CBRN teams are staffed by fire fighters from the host communities. Level 3 teams operate with 12 fire fighters each trained as a minimum to the NFPA 472 Technician level, and are located in Ottawa, Toronto and Windsor. Level 2 teams operate with eight fire fighters each, trained to the NFPA 472 Operations level. These teams represent the municipalities of Thunder Bay, Sault Ste. Marie, North Bay, Peterborough, Cornwall and the Waterloo Region consisting of Cambridge, Kitchener and Waterloo.

As part of the Memorandum of Understanding agreements signed between the province and each team, members of the Level 2 and Level 3 teams meet annually at the Ontario Fire College (OFC) in order to conduct CBRN training and evaluation sessions. These sessions are co-ordinated and organized by the OFM Emergency Management and Response Unit, and include the participation of the Ontario Provincial Police, Muskoka EMS and EMO.

In 2004, the OFC began offering IFSAC-accredited Hazardous Materials Operations courses, and in 2005 received IFASC and PROBoard accreditation for the delivery of hazardous materials technician courses.

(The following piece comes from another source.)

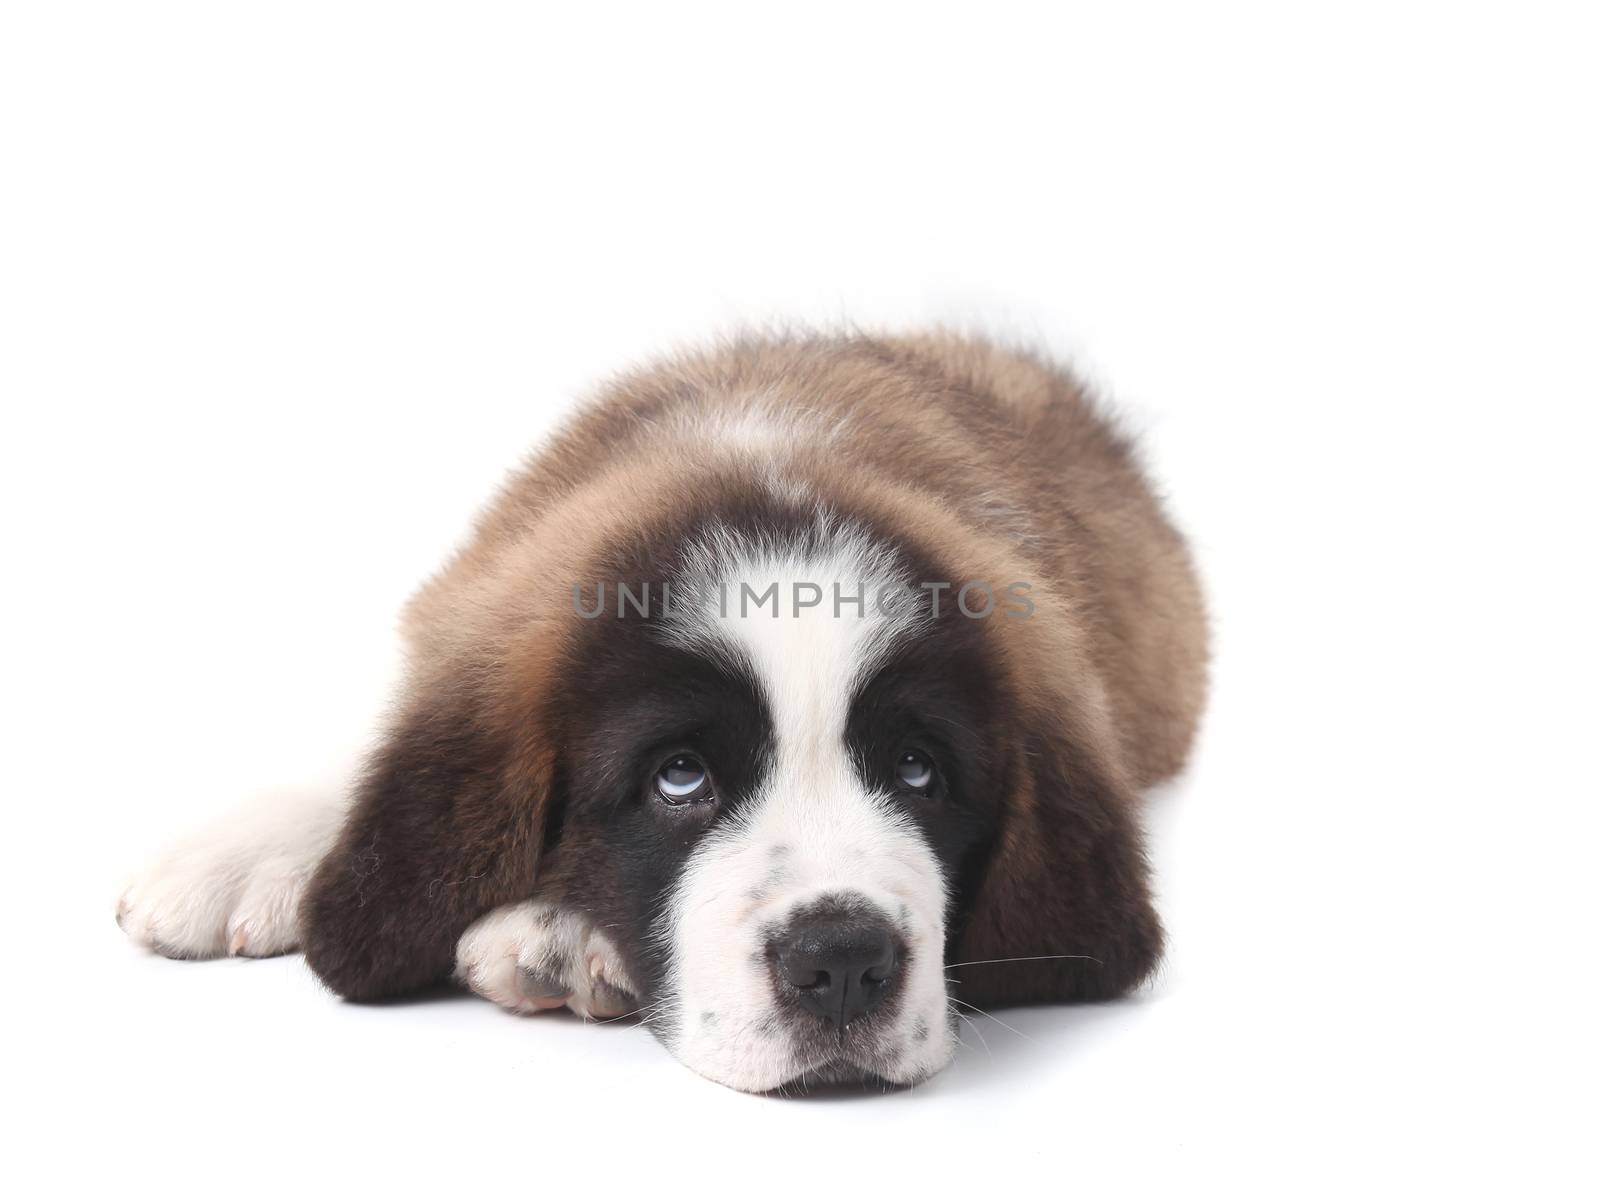 Adorable Young Saint Bernard Puppy on White Background

Many of the Level 3 teams were already in place prior to the provincial initiative to provide province-wide capabilities. These units have similar up-to-date equipment purchased by each individual fire department. The annual CBRN training gives these teams the opportunity to share information on these technologies.

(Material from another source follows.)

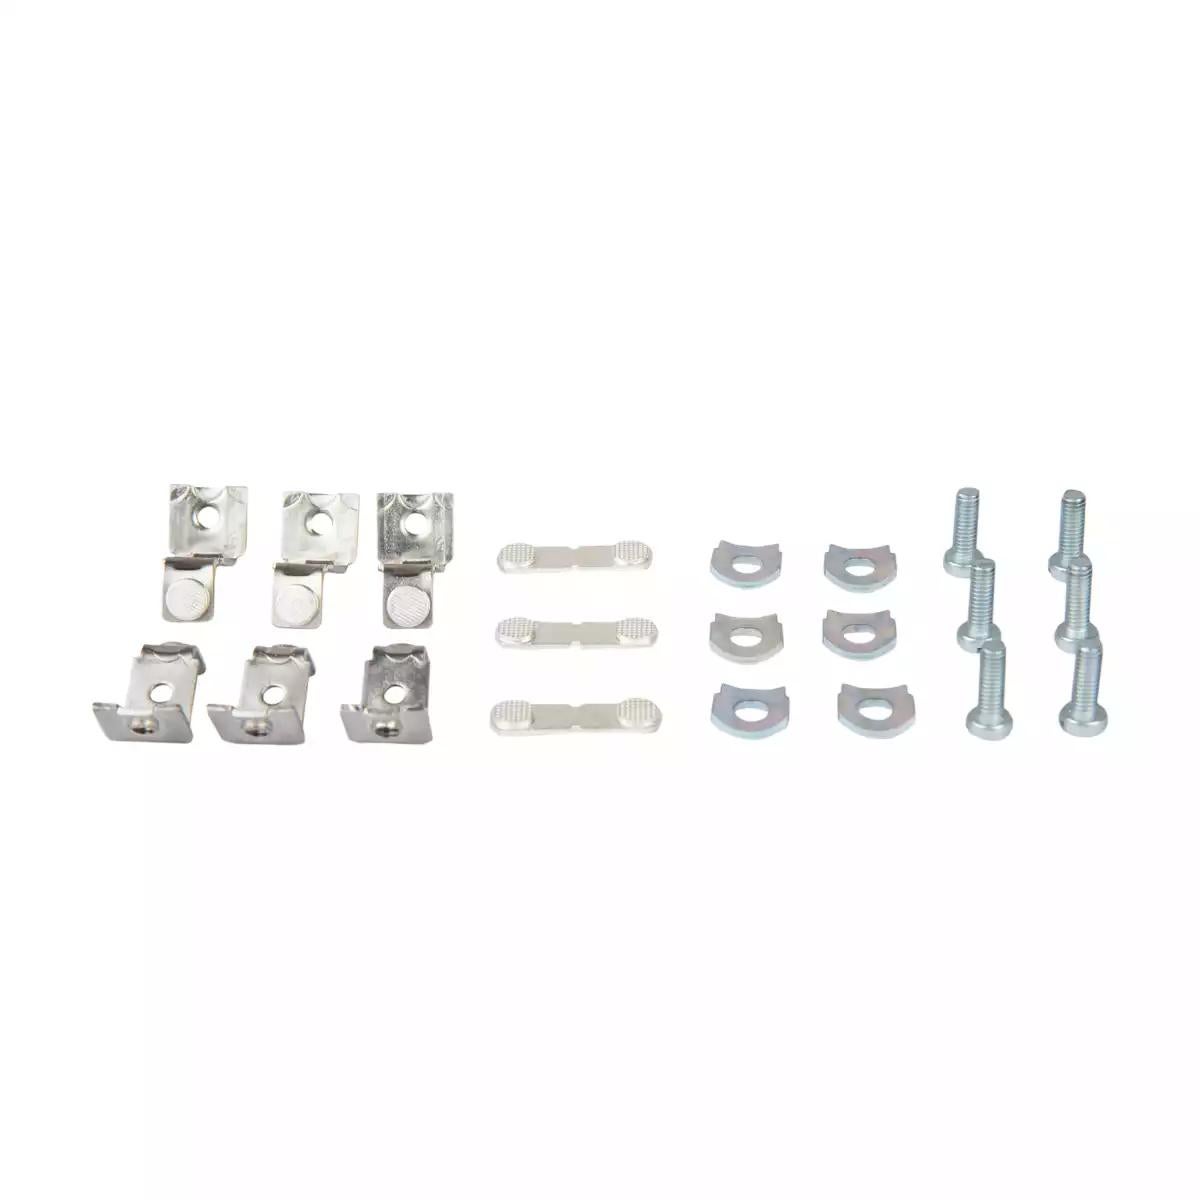 MNX 12 - Spare Contact Kit

Level 2 teams were each equipped with standardized response equipment by the province, including protective clothing, a radiation monitor, gas detection equipment, chemical agent monitor, an inflatable tent/shelter and equipment to support two decontamination lines.

New Brunswick
The province is in the process of establishing five teams to, “ensure that we have specialized resources in the province to deal with Hazardous Materials incidents which exceed the capability of local fire departments,” said Catherine Richard, media relations co-ordinator for the Department of Public Safety in New Brunwick. The provincial plan will ensure, “timely access to properly trained and equipped teams to ensure the safety of the public.”

The first “heavy” team was established in 2004 and is staffed jointly by the Fredericton and Oromocto fire departments. A second “heavy” team will become operational in Saint John in 2006. Three remaining teams will become operational in Bathurst, Moncton and Edmundston once the sponsoring fire departments are satisfied that their personnel have been fully trained. These three will be set up as “light” teams.

Light teams will respond with a minimum of four fire fighters, trained to the NFPA 472 technician level. These teams will be responsible for establishing communications with local officials, evaluating the situation and establishing safe perimeters, and will communicate with the incoming heavy team if they are required.

A heavy team will respond with a minimum of 12 NFPA 472 technicians. All five teams will be equipped with identical provincially provided trailers, each carrying the same equipment. Training is provided by the Department of Post Secondary Education and Training, and ensures all technicians are trained to the NFPA 472 standard. Initial start up costs were $1,300,000 in partnership with the federal government. The provincial government is providing over $400,000 per year in funding to cover equipment, training and development costs.

Each host department will sign, or has signed a Memorandum of Understanding which among other operating parameters, may include the cost of backfilling fire fighter positions when the hazardous materials unit has to respond outside of the host city.W

Andrew Sanojca is a regular contributor to Fire Fighting In Canada and a Captain with Musquash (N.B.) Fire Rescue.